Warga sipil kembali menjadi angka dalam laporan, sementara peta kesepakatan —yang seharusnya menjadi batas aman— terbukti tak lebih dari garis rapuh di atas kertas.

Di sini tampak paradoks klasik: komitmen tanpa mekanisme pengawasan dan penegakan, hanyalah ilusi stabilitas. Tanpa instrumen deterrence yang jelas, gencatan senjata berubah menjadi jeda taktis, bukan jembatan menuju resolusi konflik yang berkelanjutan.

Peristiwa tersebut menandai pula erosi otoritas norma internasional.
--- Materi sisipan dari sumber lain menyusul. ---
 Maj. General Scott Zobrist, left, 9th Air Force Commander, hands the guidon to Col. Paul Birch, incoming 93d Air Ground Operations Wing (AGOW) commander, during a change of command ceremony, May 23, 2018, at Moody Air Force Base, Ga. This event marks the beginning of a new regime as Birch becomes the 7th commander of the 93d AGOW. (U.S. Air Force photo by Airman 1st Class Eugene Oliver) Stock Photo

Hukum internasional dibangun atas asumsi bahwa pelanggaran akan diikuti konsekuensi, bahwa legitimasi moral memiliki bobot yang setara dengan kekuatan militer.
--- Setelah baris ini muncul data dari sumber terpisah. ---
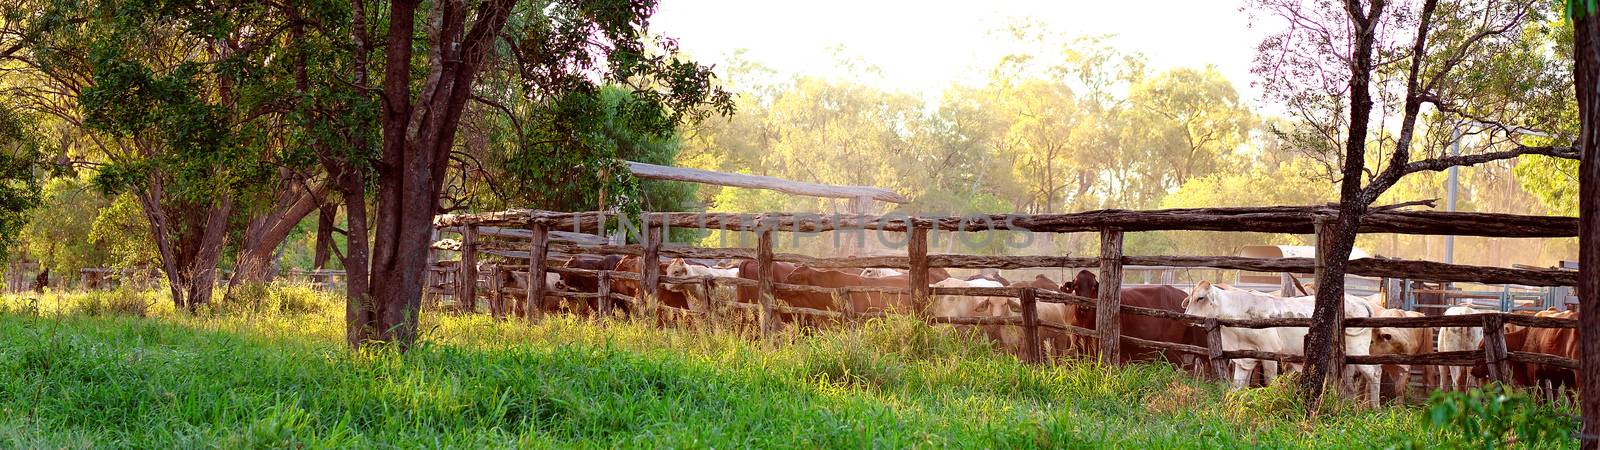 Cattle being round up into yards in late afternoon light, ready for droving to another property in the morning

Namun, ketika kesepakatan formal dapat dilanggar tanpa respons tegas, norma berisiko tereduksi menjadi simbol —dihormati dalam pidato, diabaikan dalam praktik.

Dunia pun bergerak menuju relasi yang semakin transaksional, di mana aliansi strategis dan superioritas persenjataan lebih menentukan daripada etika global.
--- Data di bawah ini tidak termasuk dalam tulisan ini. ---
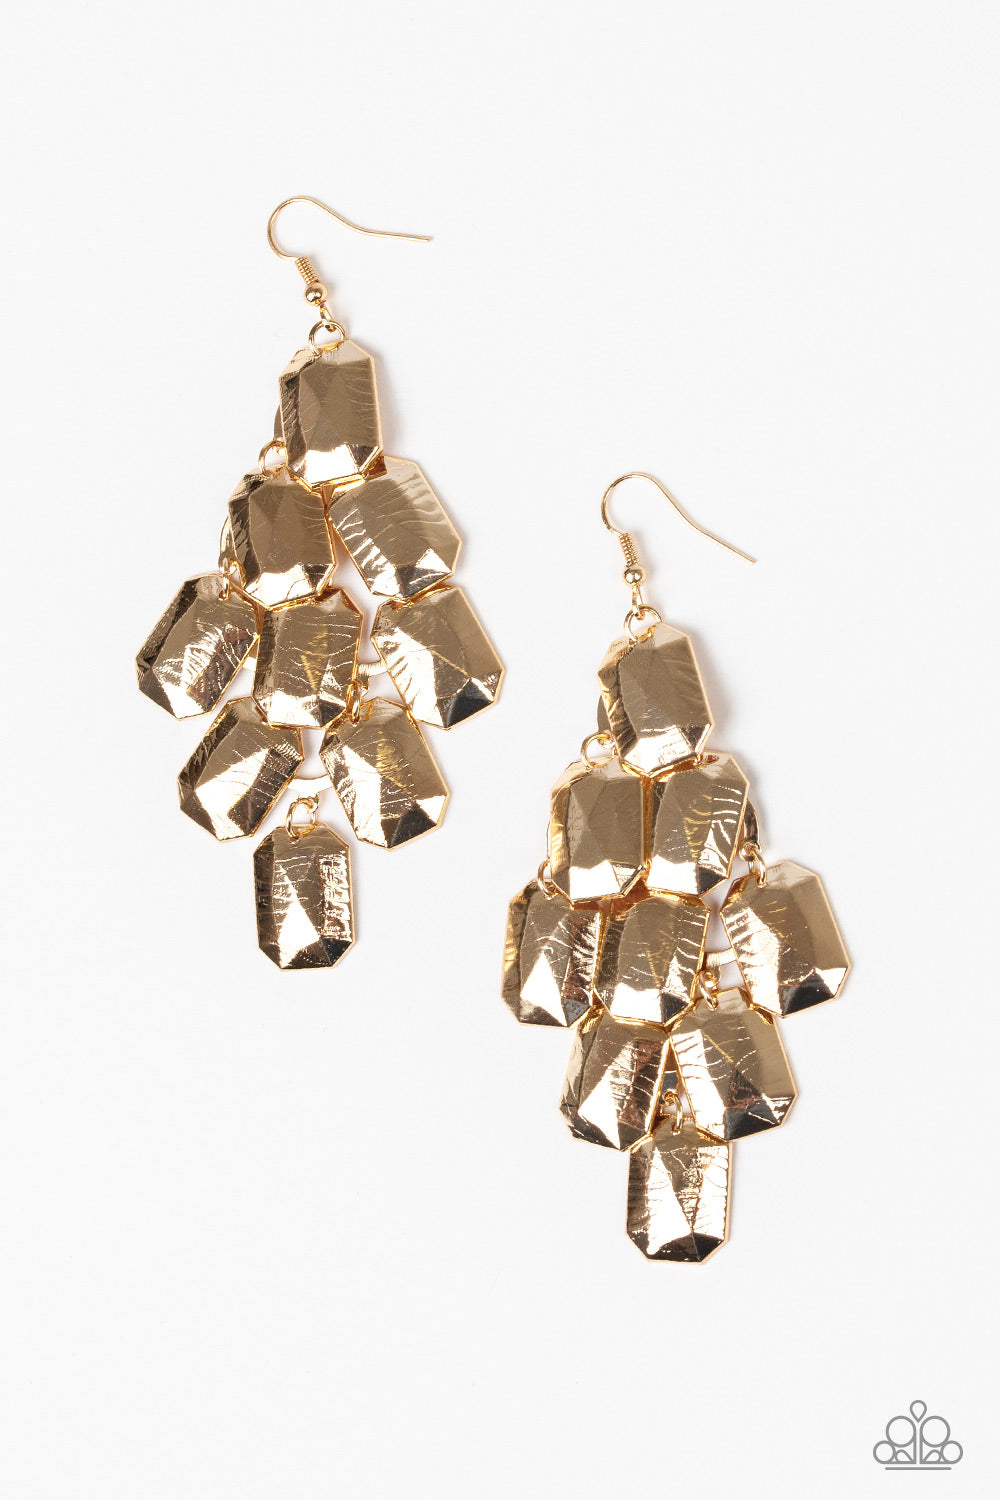 Contemporary Catwalk Gold Paparazzi Earrings Cashmere Pink Jewels - Cashmere Pink Jewels & Accessories, Cashmere Pink Jewels & Accessories - Paparazzi

Dalam konfigurasi multipolar yang belum sepenuhnya mapan, Gaza menjadi cermin betapa rapuhnya tata dunia yang bertumpu pada keseimbangan kepentingan semata.

Baca juga: Indonesia, Jangan Kirim Pasukan Perdamaian ke Gaza

Maka di tingkat kawasan Timur Tengah, dentuman rudal tidak pernah berhenti pada satu titik koordinat. Ia merambat sebagai gelombang psikologis dan politik.

Setiap eskalasi di Gaza membawa efek rambatan: polarisasi opini publik, tekanan domestik terhadap pemerintah Arab, serta potensi radikalisasi yang mengendap dalam kekecewaan kolektif.

Negara-negara yang tengah merajut stabilitas ekonomi dan menata ulang relasi diplomatik, menghadapi dilema antara kalkulasi pragmatis dan tuntutan solidaritas.

Padahal stabilitas kawasan, dalam perspektif keamanan regional, bukan hanya soal keseimbangan militer, tetapi juga tentang legitimasi politik di mata rakyatnya.

"Board of Peace" Harusnya Realitas Kekuatan

Presiden Republik Indonesia, Prabowo Subianto di Davos, Swiss, Kamis (22/1/2026), usai menandatangani Dewan Perdamaian atau Board of Peace (BoP) Charter yang diinisiasi oleh Presiden Amerika Serikat (AS), Donald Trump.Sekretariat Presiden RI Presiden Republik Indonesia, Prabowo Subianto di Davos, Swiss, Kamis (22/1/2026), usai menandatangani Dewan Perdamaian atau Board of Peace (BoP) Charter yang diinisiasi oleh Presiden Amerika Serikat (AS), Donald Trump.Board of Peace lahir dengan janji yang terdengar mulia: menghadirkan jeda di antara dentuman, menempatkan diplomasi di atas desing peluru.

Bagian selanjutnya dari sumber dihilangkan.